### Exercise objective
Transcribe only what runs from the line containing "Antique map titled" through the end of the listing, line for line and exactly, and omit the pictures.

--- Dataset excerpt Enclosed Below ---

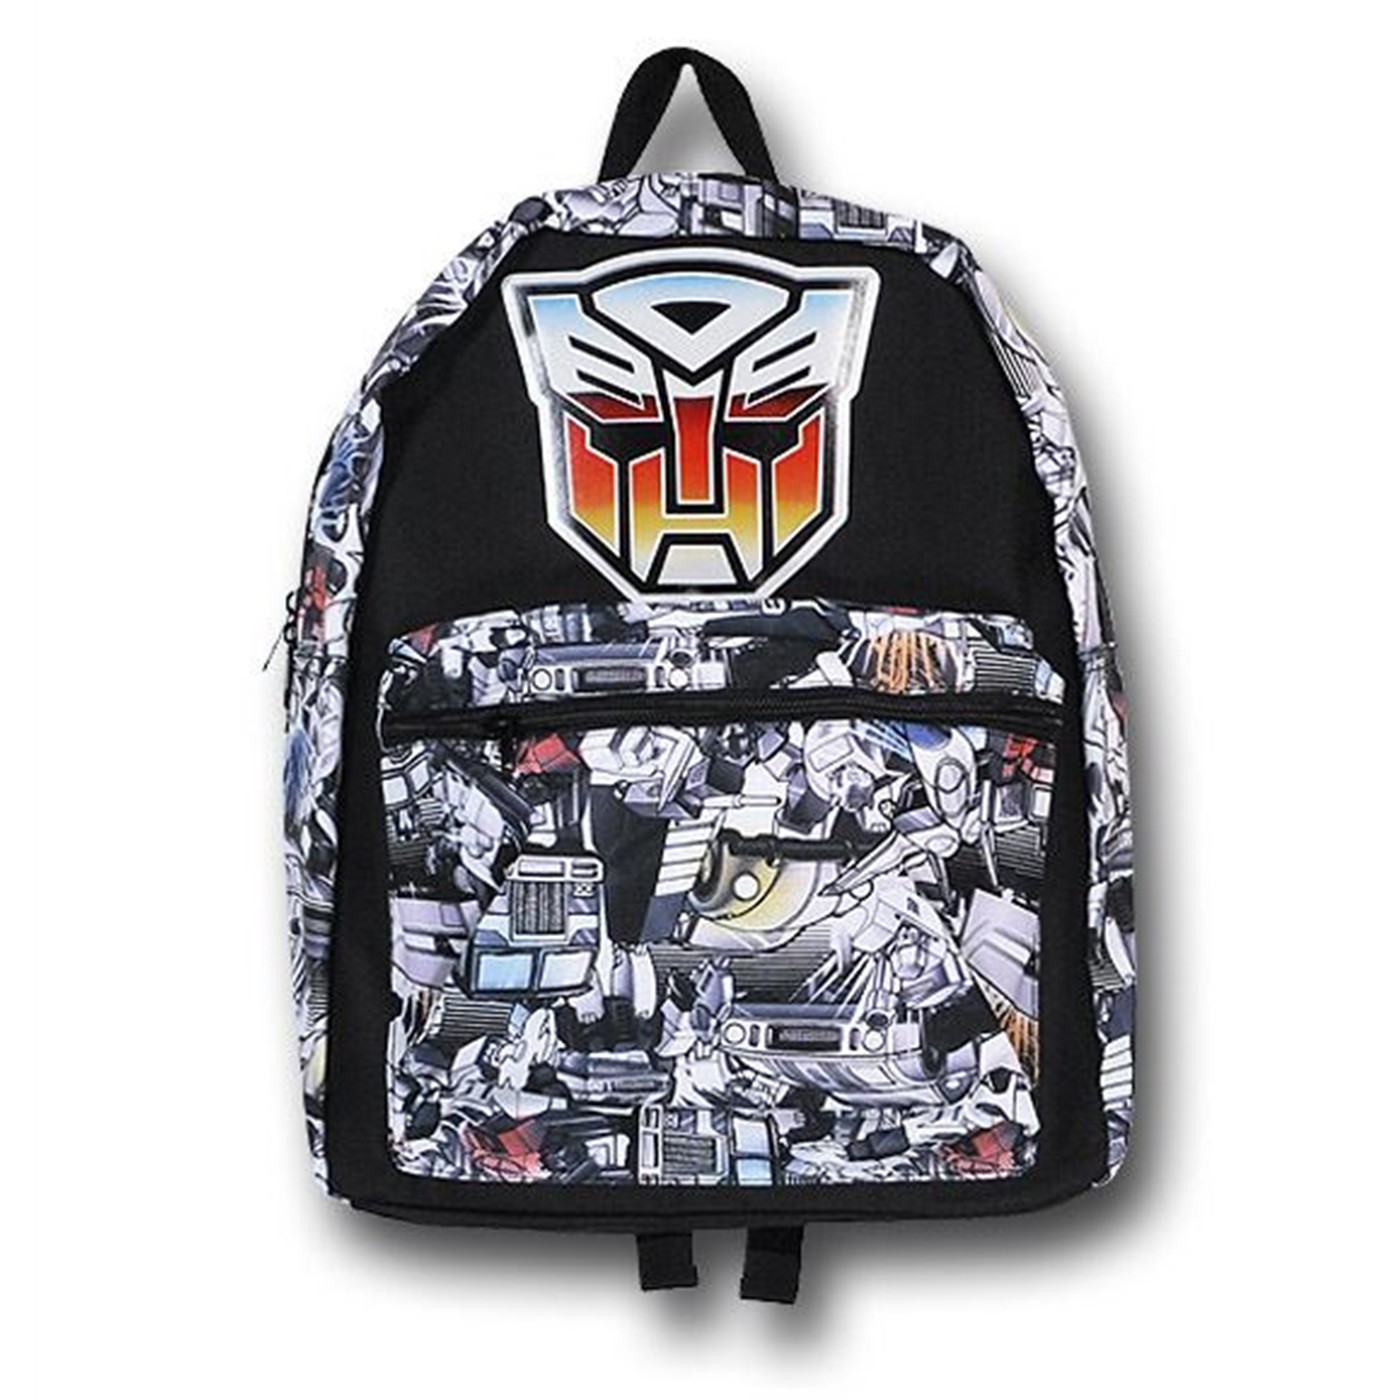 The Transformers Autobots VS Decepticons Cartoon Reversible School Backpack Bag 
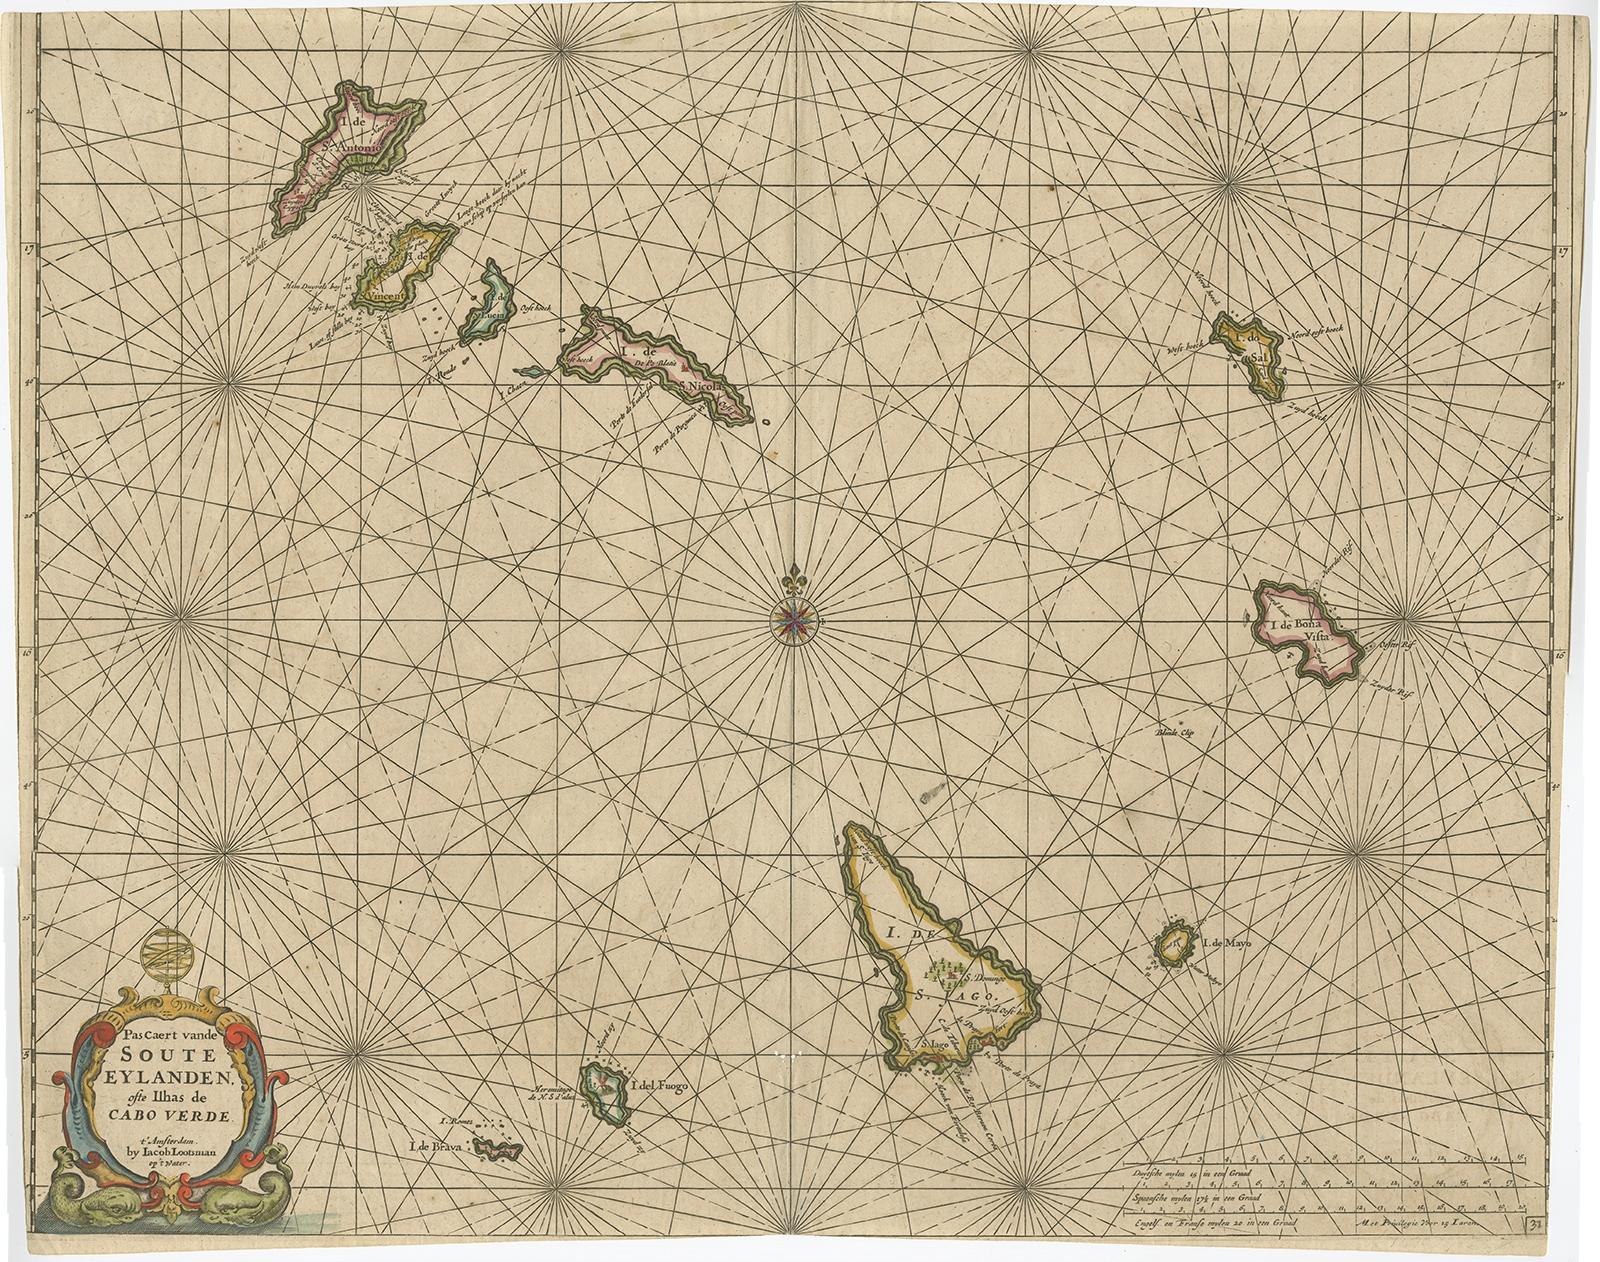 Antique map titled 'Pascaert van de Soute Eylanden ofte Ilhas de Cabo Verde'. 

This map depicts the Cape Verde Islands (Africa). Islands titled 'Ile de Brava, Ile del Fuogo, Ile de St. Jago, Ile de Mayo, Ile de Bona Vista, Ile do Sal, Ile de S.

--- End of Enclosed Dataset excerpt ---

### Answer section
 Antique map titled 'Pascaert van de Soute Eylanden ofte Ilhas de Cabo Verde'. 

This map depicts the Cape Verde Islands (Africa). Islands titled 'Ile de Brava, Ile del Fuogo, Ile de St. Jago, Ile de Mayo, Ile de Bona Vista, Ile do Sal, Ile de S.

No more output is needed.